Оба помолчали. Юрий хотел напомнить, с чего они начали разговор, но брат ничего не забыл.
— Хочешь к Дуняшке свататься? Ты же из-за неё примчался сюда?
— Да, — коротко ответил, чтобы не выдать упрек, что девчонку у него под носом чуть не сгубили.
Иван смотрел исподлобья, и взгляд его был тяжёл.
— Это твои вои держатся вблизи неё?
— Агафон и Лука, — кивнул Юрий, вспомнив, что воины рассказывали, как их окружили люди из разбойного приказа и допросили.
— Почему я должен верить тебе, что твои дети не захотят идти воевать моего Ванюшку?
— Я вроде не глуп, чтобы желать царского стола, — хмыкнул князь. — Мне на моём месте хорошо и детям дел хватит.
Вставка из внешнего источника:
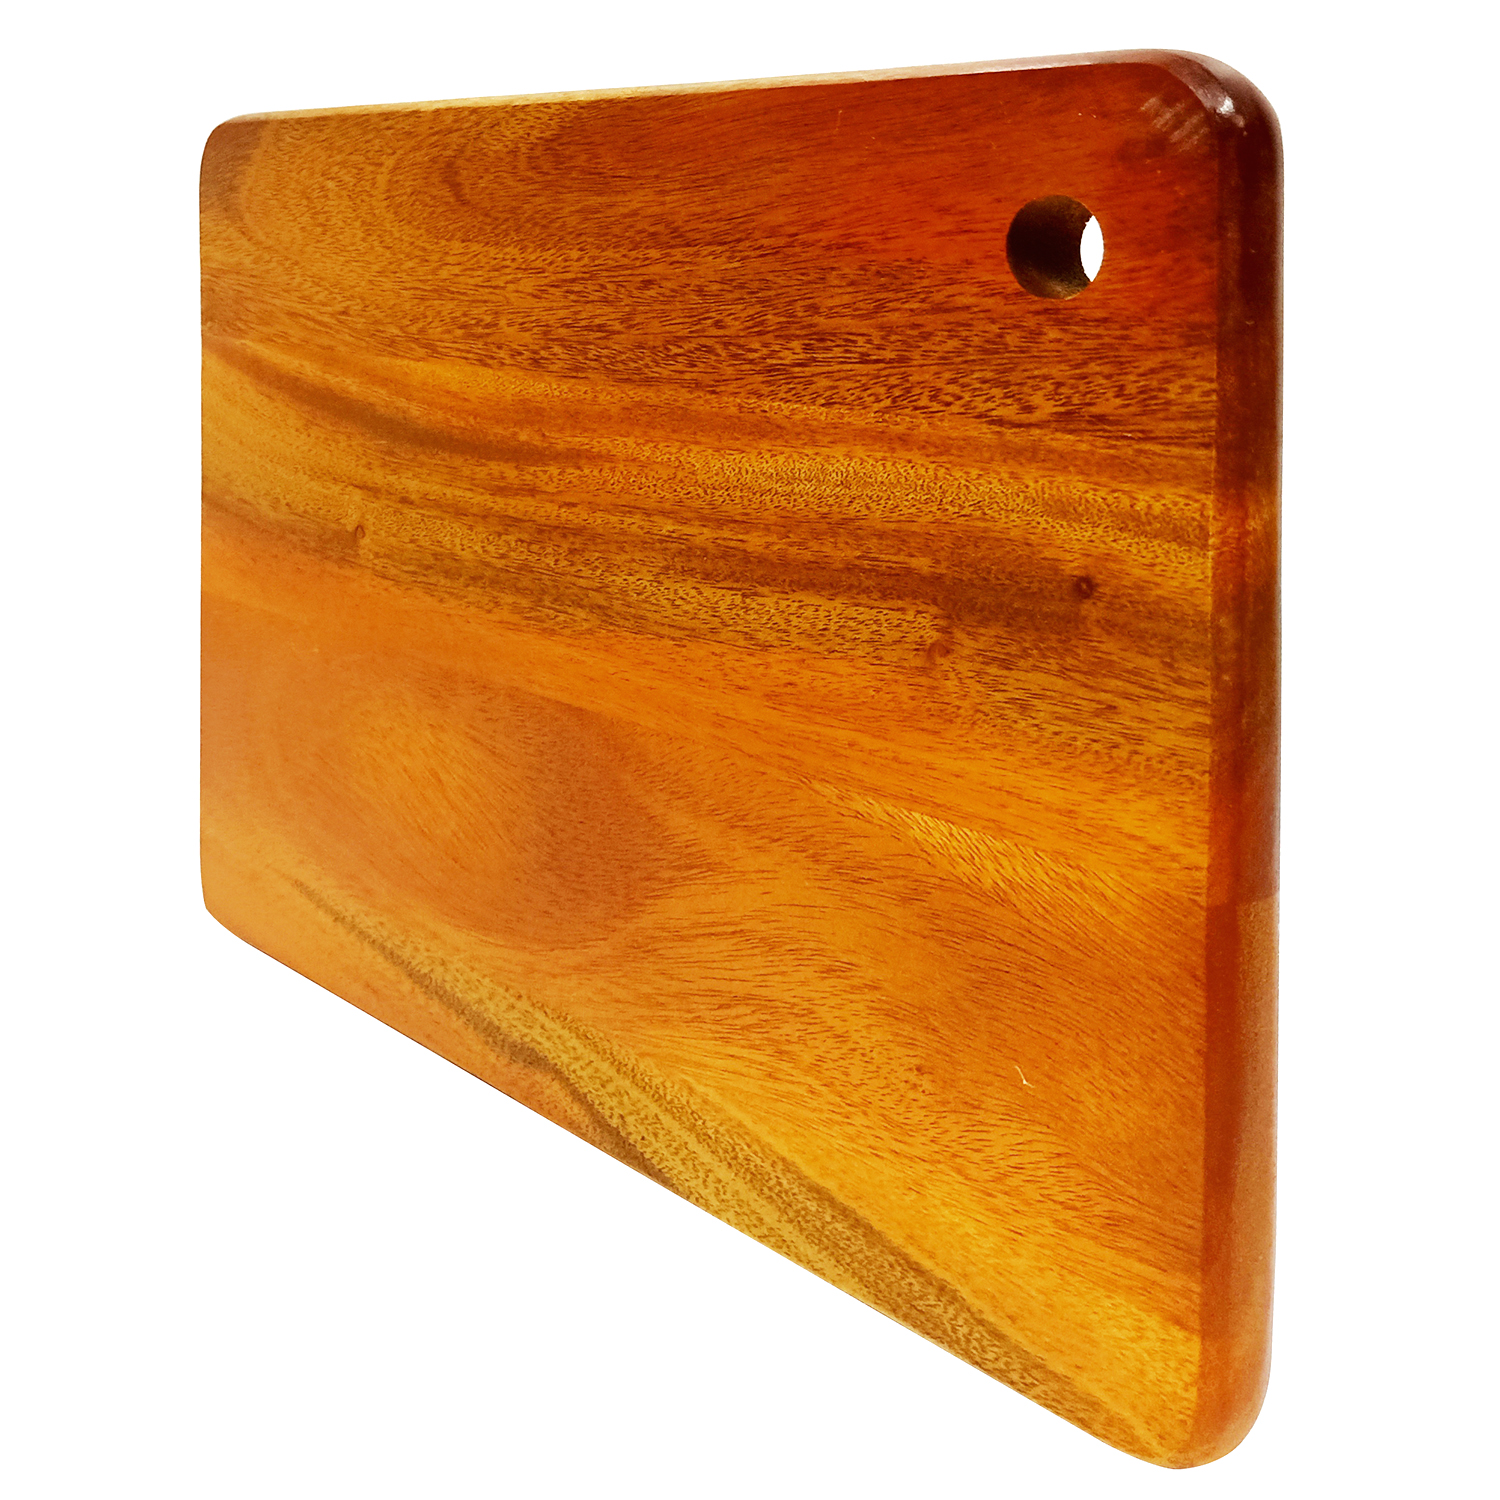 Thớt gỗ xà cừ Duxton DG-TXCG172515 17x25x1.5cm
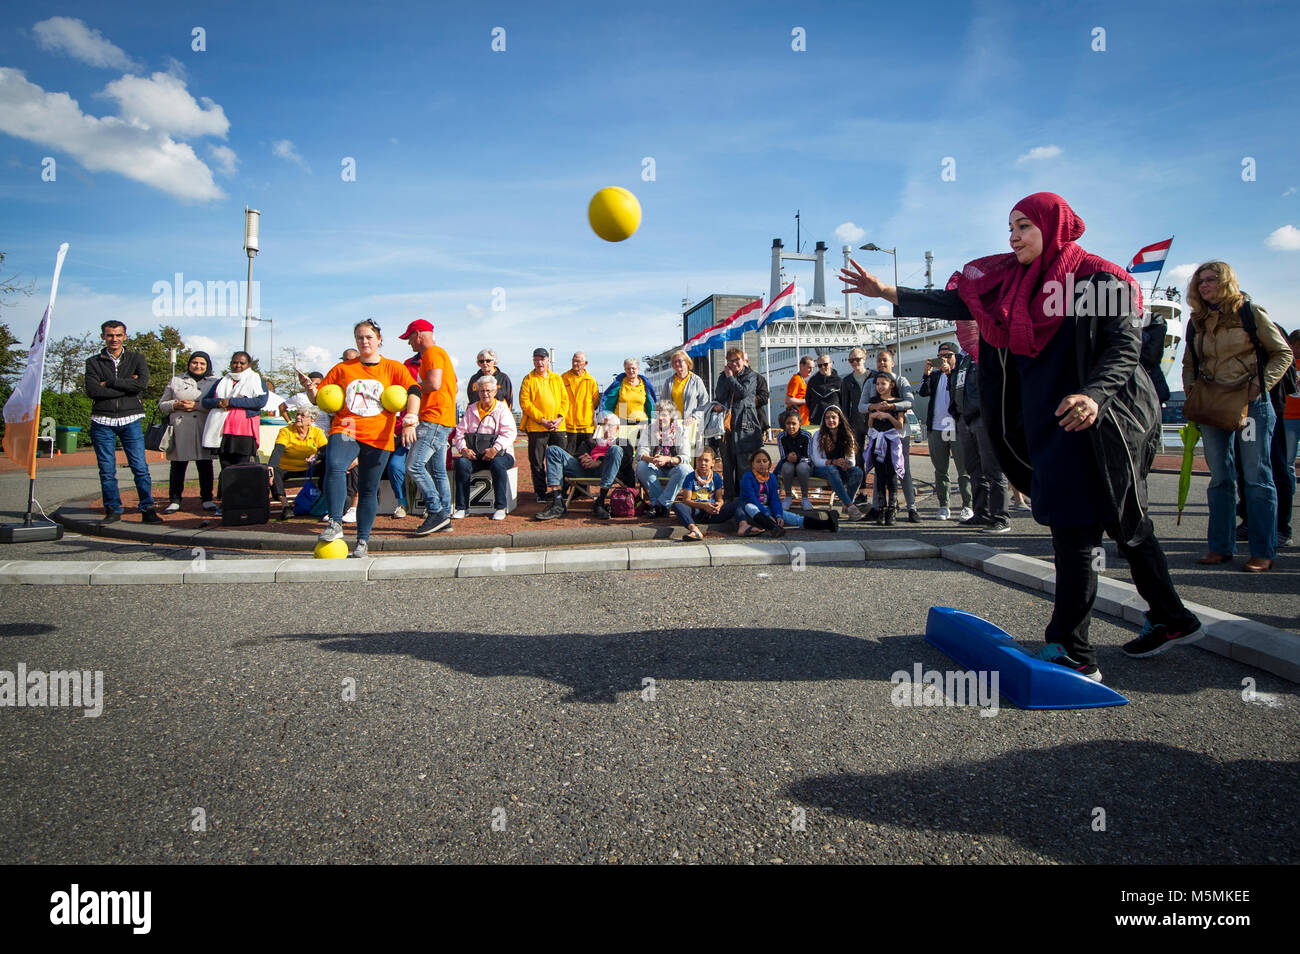 Playing curb ball. Dutch Championship Stock Photo - Alamy

Наша стезя воинская, её и впредь держаться будем.
Глаза царя сузились, и Юрий поспешил добавить:
— Евдокиюшка никогда не пойдёт против твоего сына.
Лицо брата осветила улыбка:
— А ты прав! Она не позволит даже мысли зародиться сменить царя. Уж не знаю откуда это у нее, но с детства такая. Уверена, что всех ждет беда, если меня заменить или Ванюшку.
Иван насмешливо посмотрел на Юрия и неожиданно произнёс:
— Но коли твои наследники окажутся бестолковыми, то они всё потеряют. Как ты там говоришь «незаменимых нет». Ты готов к этому?
— Мои дети станут опорой племяннику, — твёрдо ответил князь.
— И будут получать награды из рук Ванюши, — закончил Иван Васильевич. — Ты суров к своим будущим детям, но зато на них действительно можно будет положиться.
Царь поднялся с трона и, обняв брата, прошептал ему на ухо:
— Идём, Юрка, в церковь, снимем с тебя клятву о непродолжении рода. Только об одном прошу: не сватайся к Дуняшке до того, пока не сосватаешь моему Ваньке невесту.
— Но…
— Всё в твоих руках. Скачи к Казимиру, договаривайся о безопасном проезде через его земли. Чем скорее ты подготовишь путь в Молдову, тем быстрее я отправлю отсюда сына и её. Им здесь небезопасно оставаться.
— А в дороге?
— Дружина будет рядом днём и ночью, а тут так не получается.
— А бояре одобрят сватовство?
— Мы их пока торопить не будем. Пусть грызут эту кость, пока всё не обсосут, а потом я их прижму. Ты, главное, поспеши, чтобы до весны моя Марьюшка уже с невесткой нянчилась. Елене-то всего одиннадцать годков.
— Положись на меня… брат.
— Ну ладно, ладно… поспешим клятву снимать. Глядишь, мы с тобой ещё младшего Андрейку женим. Прав ты, что приехал ко мне с этим разговором. Жаль, что второй Дуняшки у меня нет, а то бы меньшого тож сосватали…
Юрий улыбнулся воспоминанию. Младшему брату придётся довольствоваться девушкой попроще. И Иван может придумать ему испытание наподобие того, что исполняет сам Юрий. А он счастлив уже оттого, что может позволить себе ухаживать за девушкой.
Вот только как? Да и забыть она могла о нём…
Улыбка на его лице растаяла, уступив место сомнениям.
Не стар ли он для неё? Не скучен ли? А вдруг она давно уже передумала?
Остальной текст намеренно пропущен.